4. Queries (playbook)
The Queries table describes named retrieval strategies for specific question types.
- query_name — the question pattern (
Who likes <interest>?). - query_example — a step-by-step instruction: which tool to call first, with what parameters, what to do with the result, which tool to call next.
query_example must be concrete and step-by-step, not an abstract description. See Queries / Playbook.
5. Prompts
Stores prompt templates the system uses for various tasks. Template names match keys in the code:
generate_answer_with_tools_tmplt— the main system prompt for the agent.dm_filter_prompt,dm_filter_user_prompt— prompts for the data model filtering step.finalize_answer_tmplt— the finalization prompt after the tool-calling loop is exhausted.generate_no_answer_tmplt— the prompt for the “nothing found” case.dm_descr_template,dm_anchor_descr_template,dm_link_descr_template,dm_attr_descr_template,dm_link_attr_descr_template,dm_query_descr_template— templates that render the data model into text for the LLM.
See Prompts.
6. ConversationLifecycle
Messages tied to the conversation lifecycle: response to /start, etc.
- event — the event name.
- text — the message or instruction.
Where the data model lives
By default the data model lives in Grist > Data Model.

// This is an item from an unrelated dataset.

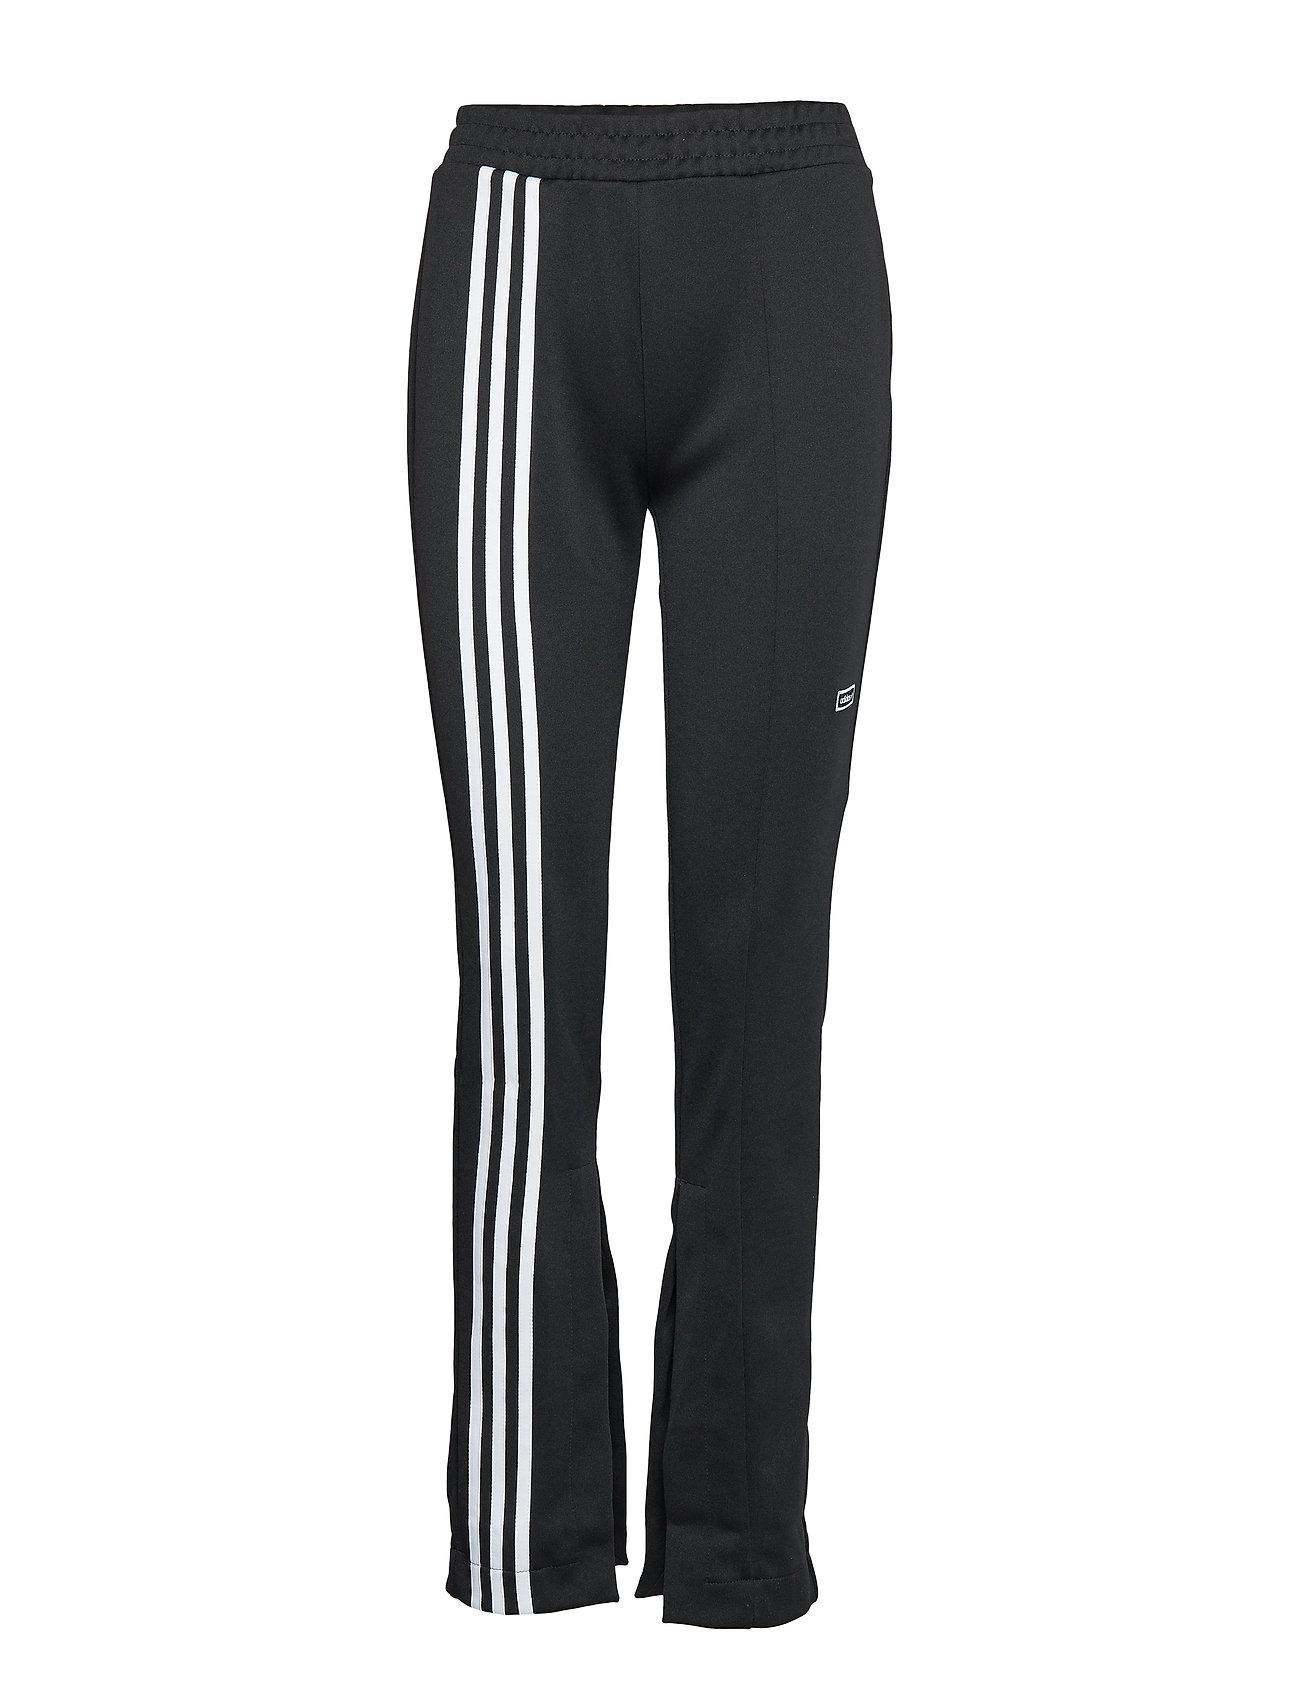 adidas Originals TLRD TRACK PANT - BLACK

The document contains the tables:
| Table | Purpose |
|---|---|
Anchors | entity types |
Anchor_attributes | properties of nodes |
Links | relationship types |
Link_attributes | properties of edges |
Queries | playbook of typical questions |
Prompts | prompt templates |
ConversationLifecycle | responses to lifecycle events (/start) |
The data model is loaded from Grist into Postgres through ETL and read at runtime by the DataModel class (libs/vedana-core/src/vedana_core/data_model.py). If you wish, Grist can be replaced with any other source — see Custom ETL.
Important note
The data model must fully represent every column and attribute of your source data. If the assistant gives incomplete or wrong answers, the first thing to check is whether the relevant attributes and relationships are described in the model.
How the LLM uses the data model
The data model goes directly into the LLM context. The assistant sees:
- the list of anchor types and their descriptions;
- the attributes of each anchor with types and descriptions;
- the links between anchors;
- the scenarios (Queries) for typical questions.
If something isn’t described in the data model — it doesn’t exist for the assistant, even if the data is in the graph.
Data model filtering
For non-trivial domains the full data model description can be large — dozens of anchor types, hundreds of attributes, several Query scenarios — and feeding all of it into the main model on every turn is both expensive and noisy.
To handle this, Vedana adds a data model filtering step in front of the main answer-generation loop:
- A small, fast model (
FILTER_MODEL, by defaultgpt-4.1-mini) receives the user’s question together with the full data model description. - It picks the subset of anchors, links, attributes, and Queries that are actually relevant to the question.
- Only that filtered slice goes into the main model’s context.
This filtering step has two useful side effects:
- Token economy on large data models. The bigger your domain, the larger the win — filtering is what makes Vedana practical on data models with hundreds of attributes. On very small data models (e.g. the LIMIT test dataset) the gain is negligible, and you can disable filtering via
ENABLE_DM_FILTERING=false. - Explicit reasoning before the answer. Because the filter model has to name which anchors / links / queries are relevant, it effectively performs a small chain-of-thought step about the question before any retrieval happens. The main model then starts with a clearly-scoped problem rather than the entire schema.
See RagPipeline.filter_data_model for the implementation, and the FILTER_MODEL / ENABLE_DM_FILTERING entries in the Configuration guide for tuning.
Minimum vs advanced usage
In its minimal form (default model + documents only), Vedana behaves like an advanced RAG: document retrieval with vector search and grounded answers.
When the model is extended with structured entities, Vedana becomes a domain knowledge engine with deterministic graph traversal, attribute filtering, multi-hop reasoning, and hybrid retrieval.
The difference is entirely determined by how thoroughly you’ve modeled your domain.